The WHATWG HTML Draft Recommendation has § 8.2 Parsing HTML documents that “only applies to user agents, data mining tools, and conformance checkers.” However, this matters to all of us because it takes implementations of a spec to forward the spec.
Error handling is a large part of parsing:
This specification defines the parsing rules for HTML documents, whether they are syntactically correct or not. Certain points in the parsing algorithm are said to be parse errors. The error handling for parse errors is well-defined: user agents must either act as described below when encountering such problems, or must abort processing at the first error that they encounter for which they do not wish to apply the rules described below.
Anyways, I’m writing about this because Henri Sivonen has a “preliminary build” of the HTML 5 parser for Gecko, which is celebrated as “a step out of the vaporware land” for this effort. It’s admittedly early going and not consumer friendly yet, but for those of us that care about the future of browsers this is a definitely important step.

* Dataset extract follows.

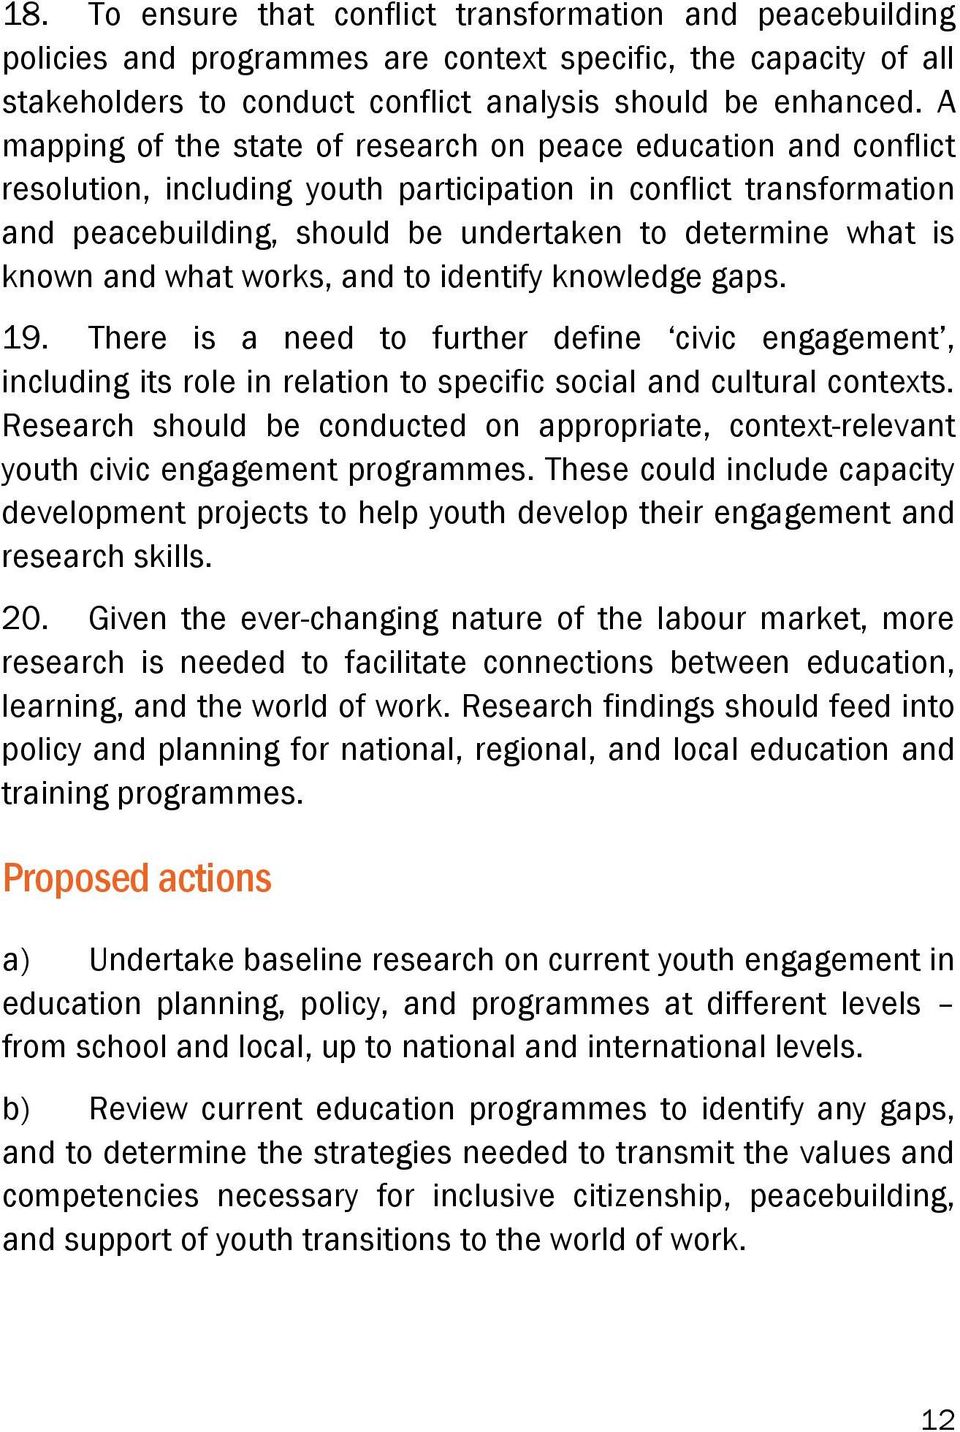 known and what works, and to identify knowledge gaps. 19. There is a need to further define civic engagement, including its role in relation to specific social and cultural contexts.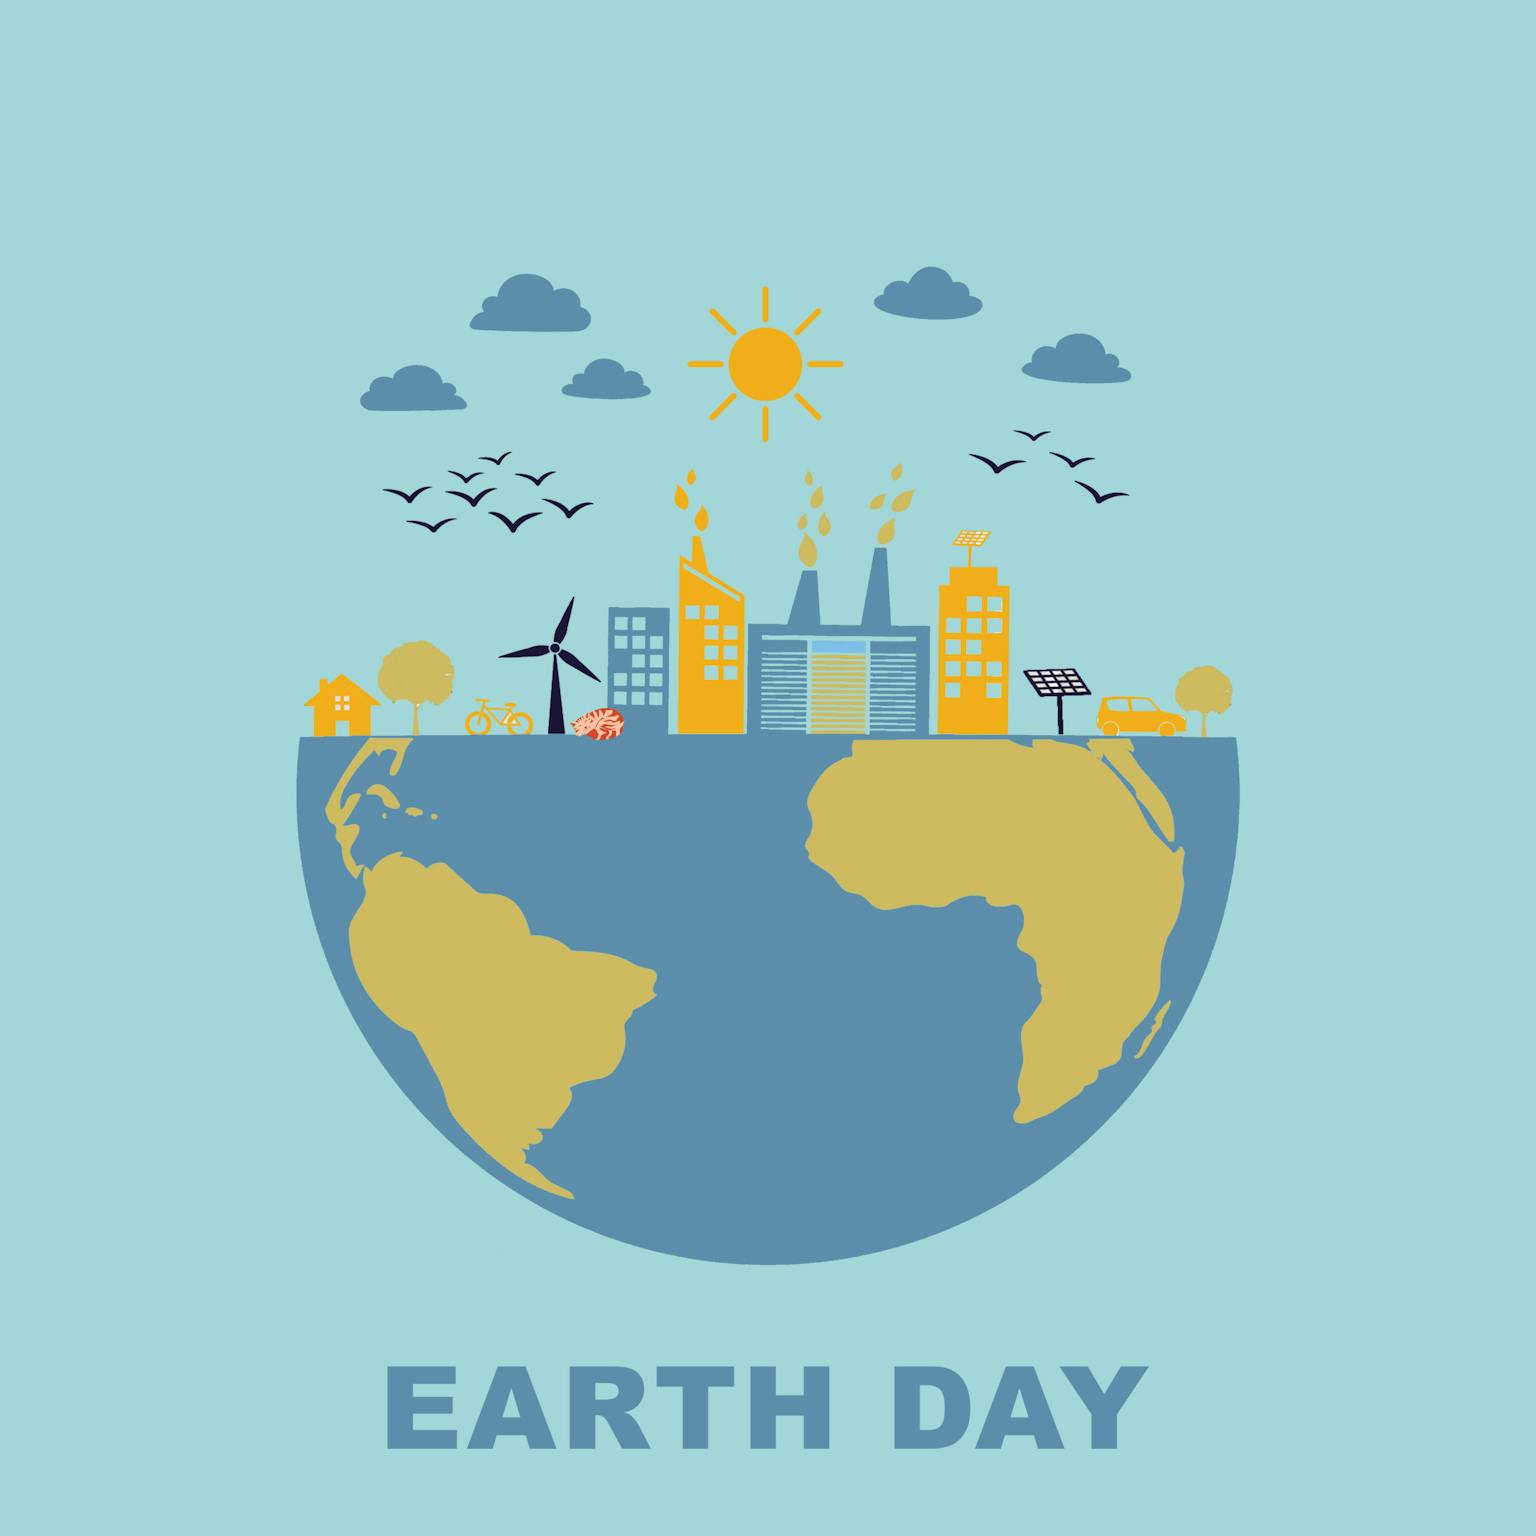 Earth Day 2021 – Is solar the future?

The famous and respected Sam Ruby discusses it more intelligently than I can hope to:
Henri’s approach is interesting. He starts from a single source, in Java. The Java code can be compiled to Java byte codes, JavaScript source, or C++ presumably making use of Mozilla libraries for things such as memory management. If he can do that, it seems to me to be a rather small leap from there to producing C++ using, say, either Ruby or Python libraries for memory management, as well as a thin binding to the language. C# would also be a reasonable target.
For the more adventurous, follow along with some of the comments to Sam’s post. Some nicely techie things discussed.